La sesión de este 2 de enero ha confirmado lo que ya dejaban entrever los futuros en la madrugada europea: los inversores han decidido empezar el año abriendo posiciones de riesgo. Los contratos del Nasdaq llegaban a subir en torno a un 0,9% antes de la apertura, los del S&P 500 un 0,5% y los del Dow Jones alrededor de un 0,2%. La apertura en contado ha consolidado ese movimiento.

En el primer cruce, el Dow Jones Industrial Average ganaba 42,7 puntos, un 0,09%, hasta los 48.105,98 puntos. El S&P 500 sumaba 32,6 puntos, un 0,48%, hasta 6.878,11 puntos, mientras que el Nasdaq Composite se disparaba 239,5 puntos, un 1,03%, hasta 23.481,49 puntos. El mensaje implícito es evidente: tras varias sesiones en rojo al cierre de 2025, el mercado ha optado por empezar el año comprando.

Este hecho revela dos dinámicas simultáneas. Por un lado, el clásico efecto de “reapertura de riesgo” tras los ajustes de fin de ejercicio, cuando muchos gestores cierran posiciones para cristalizar resultados o rebalancear carteras. Por otro, la expectativa de que 2026 pueda ser un año algo menos volátil que el precedente, con una inflación ya más controlada y una Reserva Federal que se mueve, aunque lentamente, hacia la normalización monetaria.

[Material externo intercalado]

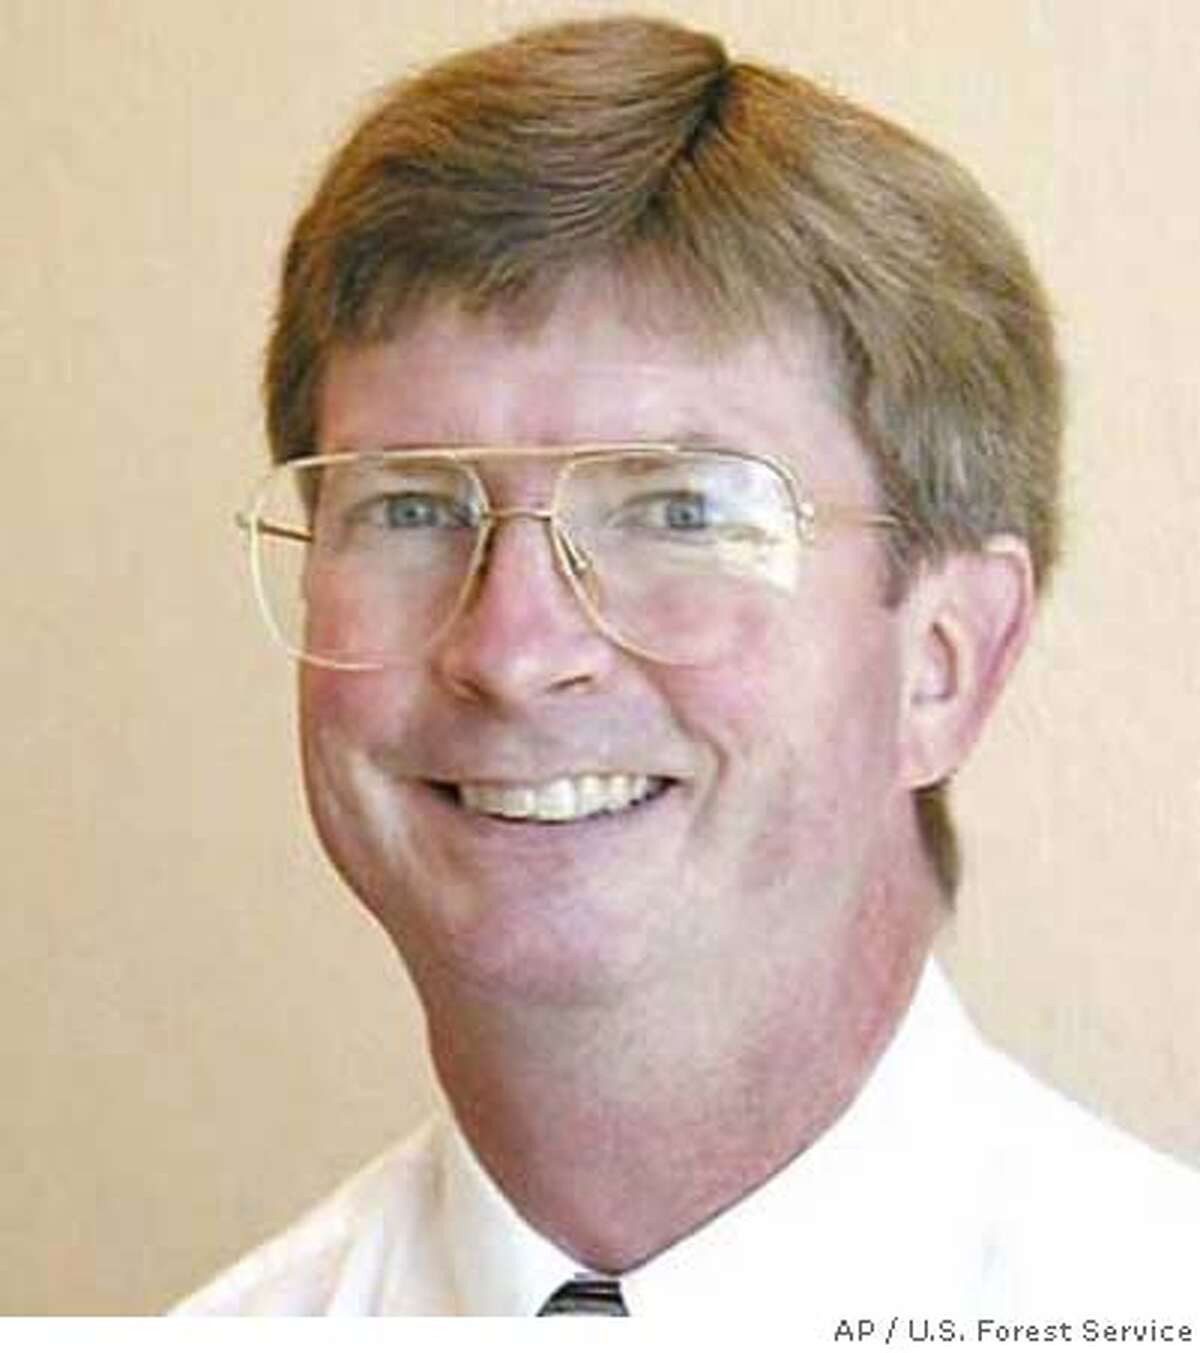 This undated photo released by the U.S. Forest Service shows Matt Mathes, the long-serving public voice of the U.S. Forest Service in California who police say shot his ailing wife and himself to death. Mathes, 54, and his wife, 52-year-old Karen Pang Mathes, were found dead in their Northern California home on Saturday, Nov.3, 2007, from gunshot wounds.(AP Photo/U.S. Forest Service ) DATE OF PHOTO UNKNOWN.PHOTO RELEASED BY THE U.S. FOREST SERVICE

Wall Street intenta dejar atrás el vértigo de 2025

El arranque en verde llega después de un final de 2025 a la baja, con la última sesión del año saldada con caídas del 0,74% en el S&P 500, del 0,76% en el Nasdaq y del 0,63% en el Dow. Pese a ese tropiezo, el balance anual fue notable: el S&P avanzó un 16,39%, el Nasdaq se disparó un 20,36% apoyado en el entusiasmo por la inteligencia artificial, y el Dow sumó un 12,97%.

El contraste es claro: Wall Street se mueve entre la sensación de haber vivido un año muy rentable en términos generales y la incomodidad de un tramo final plagado de dudas sobre beneficios, márgenes y tipos de interés. El rebote de hoy se interpreta como un intento de reconquistar el relato positivo, apoyado en unos beneficios corporativos que, de momento, han resistido mejor de lo esperado al ciclo de endurecimiento monetario.

Sin embargo, lo más grave para la bolsa estadounidense sería que la combinación de crecimiento más débil e inflación todavía pegajosa se consolidase durante los próximos meses. Ese escenario obligaría a la Fed a mantener los tipos altos durante más tiempo, presionando valoraciones y beneficiando a sectores defensivos en detrimento de la tecnología y el consumo discrecional. Por ahora, la primera sesión del año apuesta por un desenlace más benigno. Pero el margen de error es reducido.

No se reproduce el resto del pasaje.